11 workers. With the console open, when the screen goes dark, I get the error message "DevTools was disconnected from the page. Once page is reloaded, DevTools will automatically reconnect."

In a little while, I'll try removing my PDFs one by one and see if I can find the culprit.

agkozak commented 1 year ago

Interesting. I tried renaming each .pdf to .pdf.tmp, but that didn't resolve the problem. Finally I moved a directory with 19 JPGs (that have a lot of text in them) out of the vault. The problem went away entirely. Now that I've moved them back, I'm not seeing the problem recur. I'll leave Text Extractor on today, and I'll let you know what happens.

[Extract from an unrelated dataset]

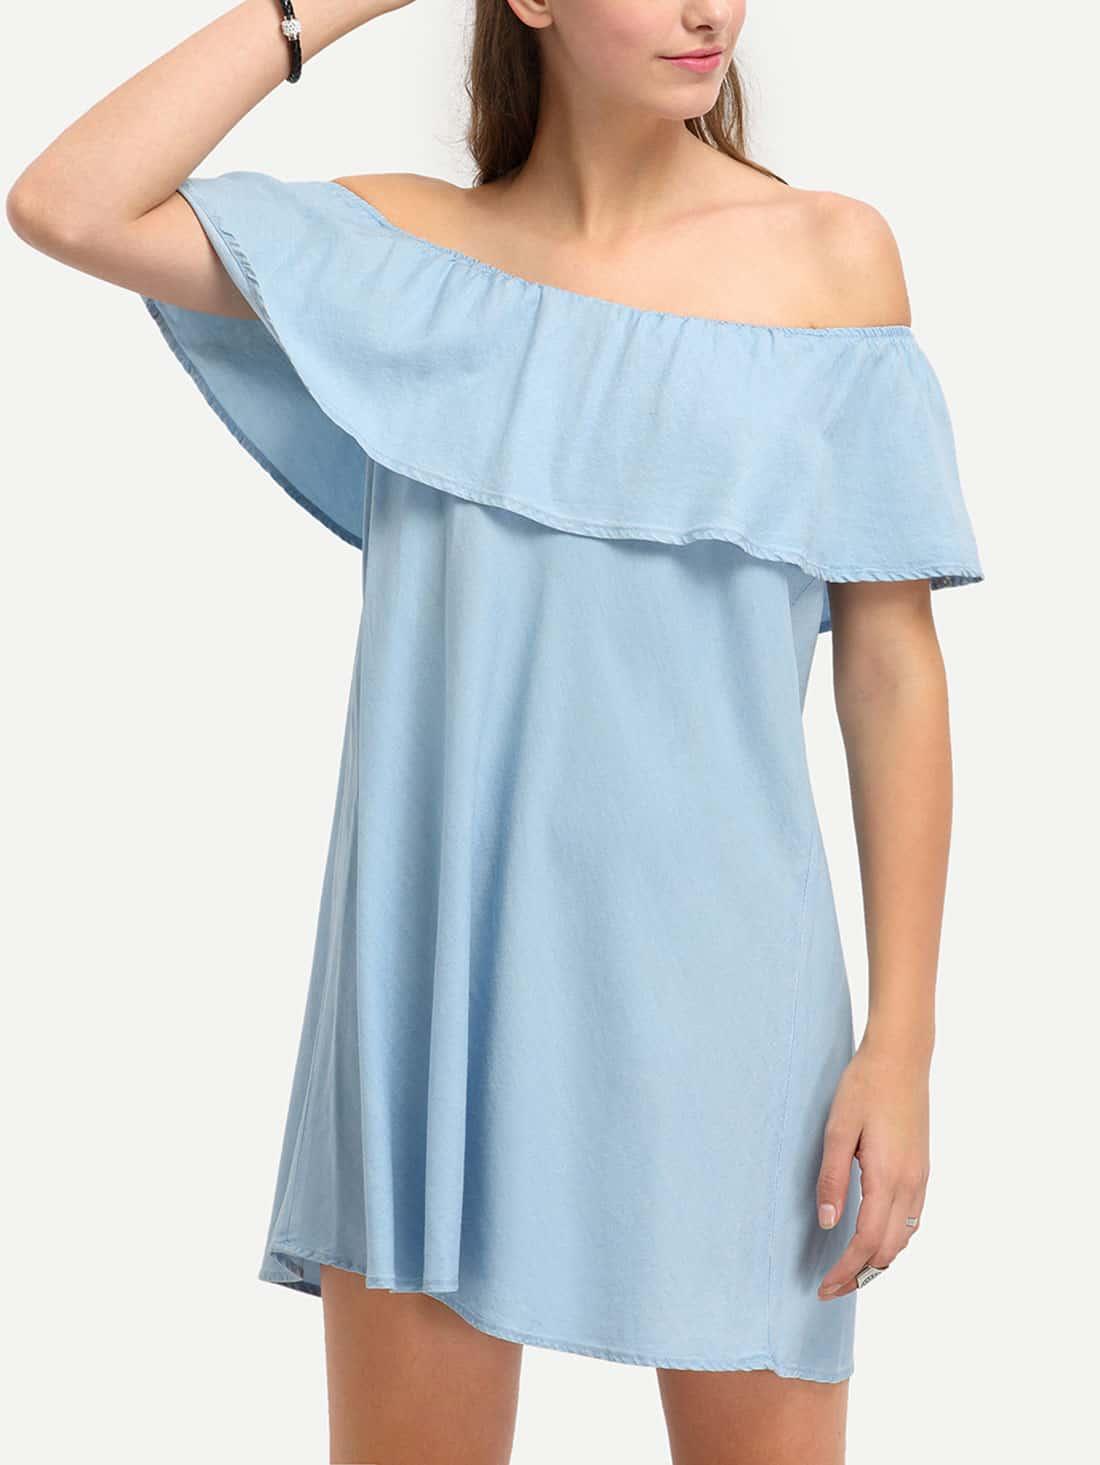 Light Blue Denim Off The Shoulder Ruffle Shift Dress dress160422701

scambier commented 1 year ago

I've had this behavior happen in the past without being able to pinpoint the exact cause, but I think it boiled down to "too many workers". Text Extractor spawns a number of workers that is ~= to 70% of your cpu cores (so 11 workers for 16 cores). Maybe 11 with a heavy load is just too much, I'll cap this value at 8 for the next releases.

Thanks for your feedback!

agkozak commented 1 year ago

Thanks again.

agkozak commented 1 year ago

When I installed the update v0.4.2, my screen went back to turning black. I emptied the directory full of text-laden images that seem to be the source of the problem and then put them back slowly, one by one. That fixed the problem -- probably temporarily.

I'll be happy to supply you with the images in question, if you think it might help you to troubleshoot the problem.

scambier commented 1 year ago

Yes please, you can send me a zip with the images and I'll take a look :) Thank you

agkozak commented 1 year ago

Yes please, you can send me a zip with the images and I'll take a look :) Thank you

https://annelenner.com/Terry_Brown.zip

(80 MB)

scambier commented 1 year ago

Good news (I guess), it crashes on my machine too :)

agkozak commented 1 year ago

Good news (I guess), it crashes on my machine too :)

Nice pictures though, huh? :)

Again, thanks for looking into this matter. It will be interesting to see which of the photos is the offender.

scambier commented 1 year ago

Ok so the issue was indeed "too many workers" + "too much RAM used by worker". I got it running with 4 workers, but it literally ate all my 24GB of RAM. No real offender from your images, it's just Text Extractor biting of more than it could chew.

I released an update to have max 2 OCR workers, it should solve the issue :)

agkozak commented 1 year ago

That seems to work quite nicely. Thanks!